In the absence of adding reserves to the Trust, the NAV per unit will
decline as the reserves are produced out. The cash flow generated by the
production relates directly to the cash distributions paid to unitholders. The
evaluation includes future capital expenditure expectations required to bring
undeveloped reserves on production. ARC works continuously to add value,
improve profitability and increase reserves which enhances the Trust's NAV.
In order to determine the "going concern" value of the Trust, a more
detailed assessment would be required of the upside potential of specific
properties and the ability of the ARC team to continue to make value-adding
capital expenditures. At inception of the Trust on July 16, 1996, the NAV was
determined to be $11.42 per unit based on a 10 per cent discount rate; since
that time, including the January 15, 2007 distribution, the Trust has
distributed $18.63 per unit. Despite having distributed more cash than the
initial NAV, the NAV as at December 31, 2006 was $16.34 per unit using GLJ
prices and $13.64 per unit using constant prices and costs. NAV per unit using
GLJ prices decreased $0.28 per unit during 2006 after distributing
$2.40 per unit to unitholders. Following is a summary of historical NAVs
calculated at each of the Trust's year-ends utilizing the then current GLJ
price forecasts and other assumptions and values utilized at such times.

<<
Historical NAV - Discounted at 10 Per Cent
-------------------------------------------------------------------------
$Millions, except
per unit amounts 2006 2005 2004 2003 2002 2001 2000
-------------------------------------------------------------------------
Value of NI 51-101
Net interest Proved
plus Probable
reserves(a) $4,056 $3,891 $2,389 $1,689 $1,302 $1,216 $945
Undeveloped lands 109 59 48 50 20 22 6
Reclamation fund 31 23 21 17 13 10 10
Commodity and
Foreign Currency
Contracts(b) (9) (2) (12)
Long-term debt,
net of working
capital (739) (578) (265) (262) (348) (289) (109)
Asset retirement
obligation (62) (35) (23) (27) - - -
-------------------------------------------------------------------------
Net asset value $3,386 $3,358 $2,158 $1,467 $987 $959 $852
Units outstanding
(000's) 207,173 202,039 188,804 182,777 126,444 111,692 72,524
-------------------------------------------------------------------------
NAV per unit $16.34 $16.62 $11.43 $8.03 $7.81 $8.59 $11.74
-------------------------------------------------------------------------
-------------------------------------------------------------------------
(a) Proved plus Probable from 2003 and on is estimated in accordance
with NI 51-101 while in prior years it represents Established
reserves (which represents Proved plus Risked Probables).
(b) Commodity and foreign currency contracts were included in the value
of Proved plus Probable reserves prior to 2004.
>>

FINDING, DEVELOPMENT AND ACQUISITION ("FD&A") COSTS

Under NI 51-101, the methodology to be used to calculate FD&A costs
includes incorporating changes in future development capital ("FDC") required
to bring the proved undeveloped and probable reserves to production. For
continuity, ARC has presented herein FD&A costs calculated both excluding and
including FDC.
The aggregate of the exploration and development costs incurred in the
most recent financial year and the change during that year in estimated future
development costs generally will not reflect total finding and development
costs related to reserves additions for that year.

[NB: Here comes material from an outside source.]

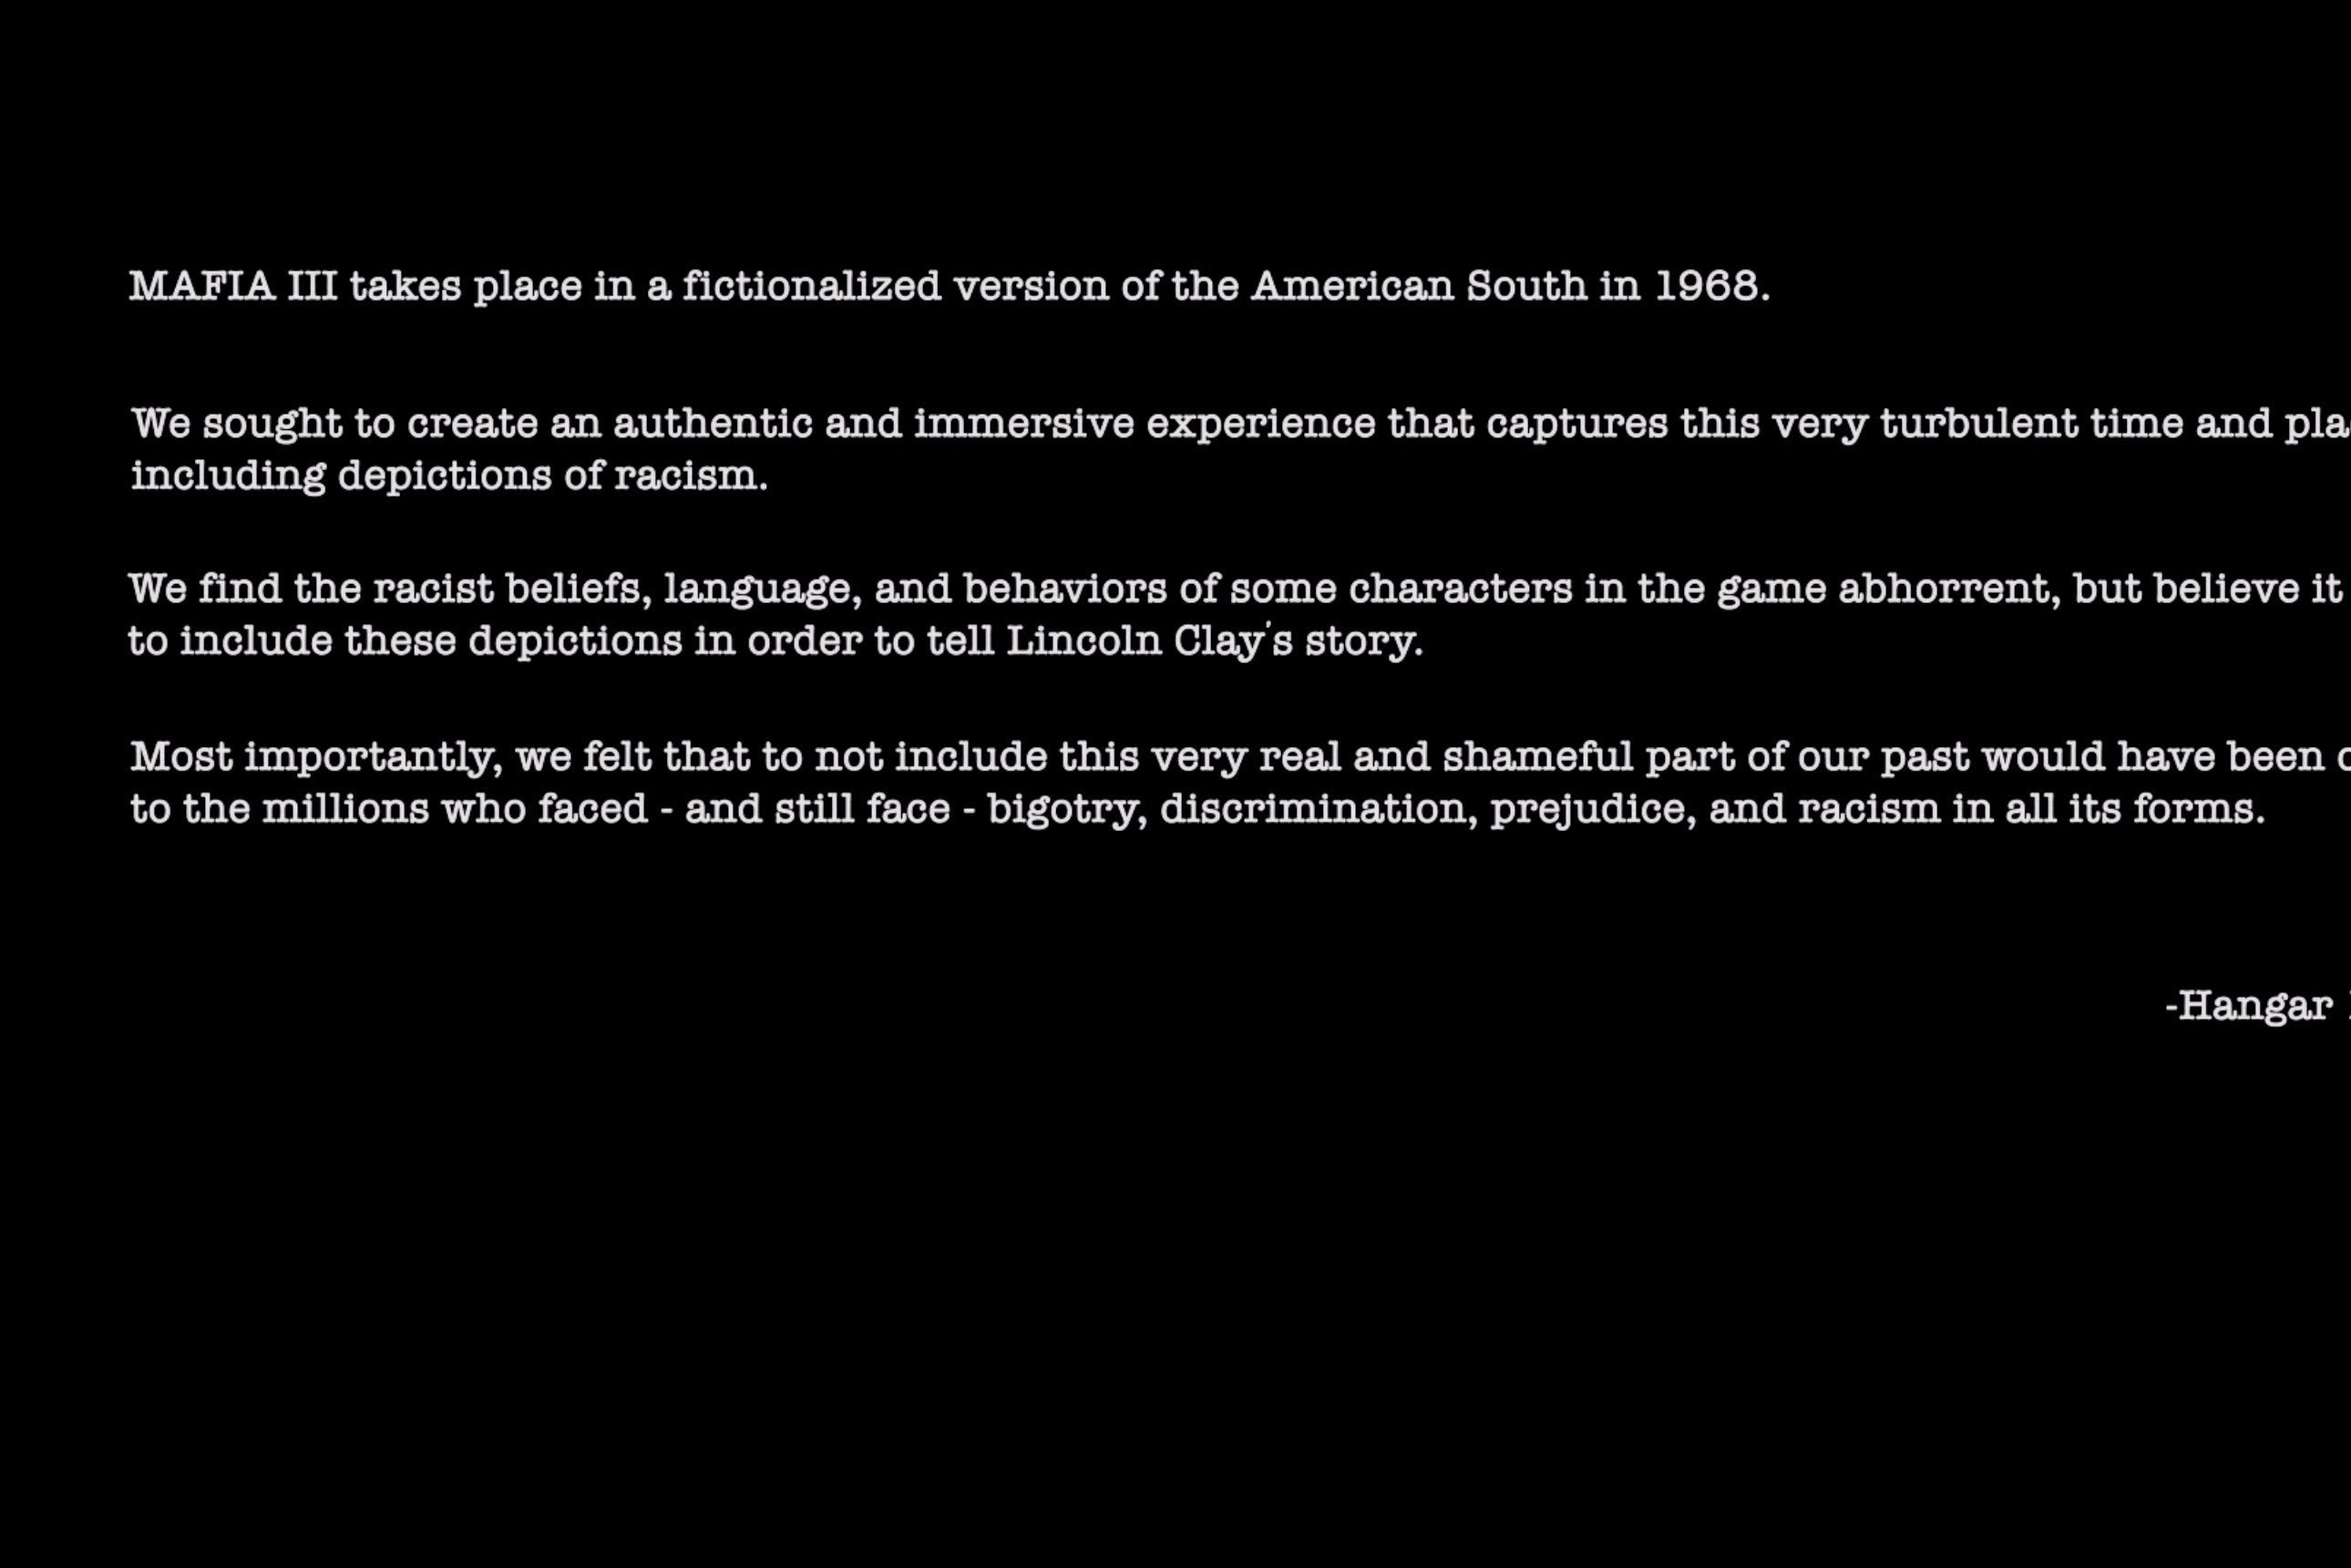 Image for Mafia 3's in-game statement on its depiction of racism
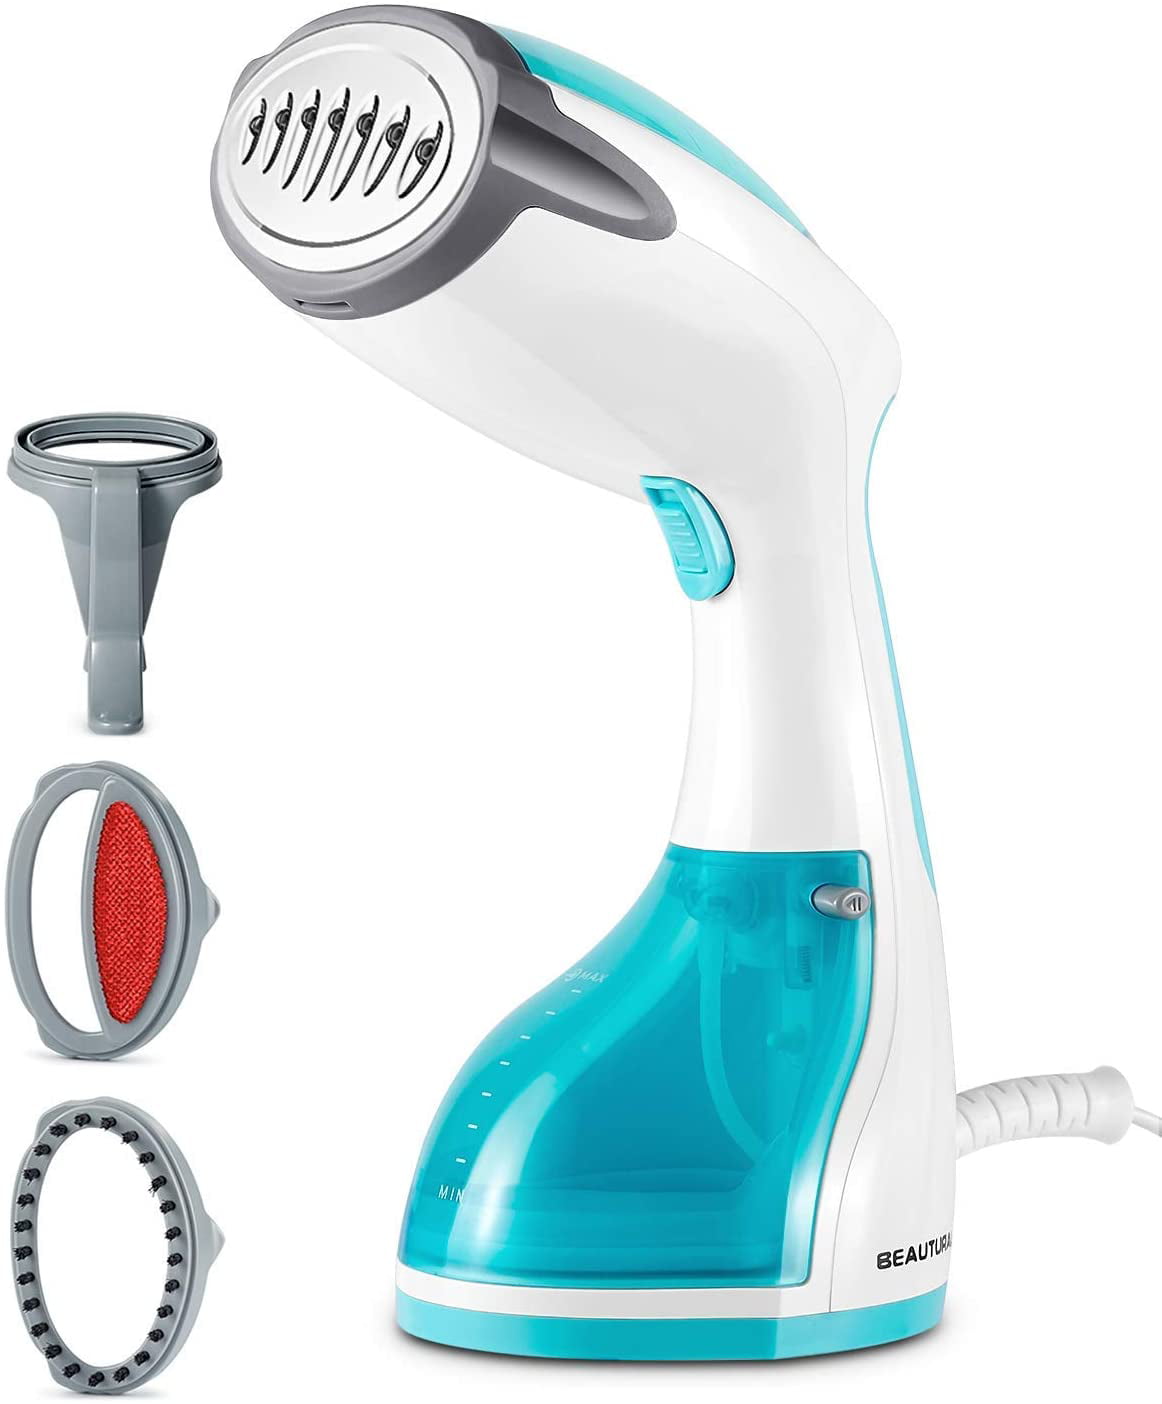 30S Fast Clothes Steamer Handheld Portable Garment Steamer for Home and Travel

FINDING AND DEVELOPMENT COSTS ("F&D")

During 2006 ARC spent $365 million of capital on exploration and
development activities, which added 16 mmboe of proved and 16.3 mmboe of
proved plus probable reserves (including revisions). These activities replaced
71 per cent of ARC's 2006 production. In total, ARC drilled 294 gross operated
wells with a 99 per cent per cent drilling success rate.
In 2006 the largest percentage of capital was again devoted towards
development opportunities in the Northern core area. In Ante Creek, ARC
drilled 14 successful oil wells, and acquired undeveloped acreage and a new
processing facility. Historical facility constraints should be alleviated in
early 2007 with the connection of the new 10-36 plant to the existing ARC core
infrastructure. ARC was also very active at Dawson, with the drilling of four
successful horizontal Montney gas wells building on the success of the 2005
horizontal pilot. Dawson also saw six new vertical Montney gas wells brought
on production. In Valhalla, ARC successfully drilled five Montney oil wells
and implemented a new waterflood project. Other areas in the north that saw
development included Prestville, Chinchaga and Swan Hills
The most active drilling areas in 2006 were in ARC's shallow gas regions
in southeastern Alberta and southwestern Saskatchewan where 159 shallow gas
wells and 5 deep oil and gas wells were drilled.
In the central Alberta area, ARC brought on line its first commercial
scale NGC development program with 33 successful wells producing to the new
ARC operated infrastructure. The central area also experienced deeper prospect
success with oil and gas focused development of eight new wells in Youngstown,
Garrington, Medicine River and Westerose.
The Pembina area development for 2006 included 22 successful Cardium oil
wells in Berrymoor, Lindale, MIPA and the North Pembina Cardium Unit.
Two Viking wells were drilled and many large blocks of undeveloped
mineral rights were acquired though acquisition and crown sales in Redwater,
Alberta. ARC experienced production growth in the Redwater area after
implementing a very successful inactive well reactivation program. This
program will continue into 2007.
ARC experienced continued drilling success in southeast Saskatchewan with
21 new oil wells, primarily horizontal light oil producers.
ARC's non-operated properties saw significant development activities
especially southeast Saskatchewan where the implementation of a CO(2) enhanced
oil recovery project at Midale continued as did infill drilling in the Weyburn
Unit CO(2) commercial enhanced oil recovery project. ARC also has an interest
in the new Alkali-Surfactant-Polymer ("ASP") flood for enhanced oil recovery
being implemented for a 2007 start date in the Instow field.
Excluding FDC, ARC's proved plus probable F&D costs for 2006 were
$22.36 per boe. On a proved basis, ARC's F&D costs were $22.69 per boe.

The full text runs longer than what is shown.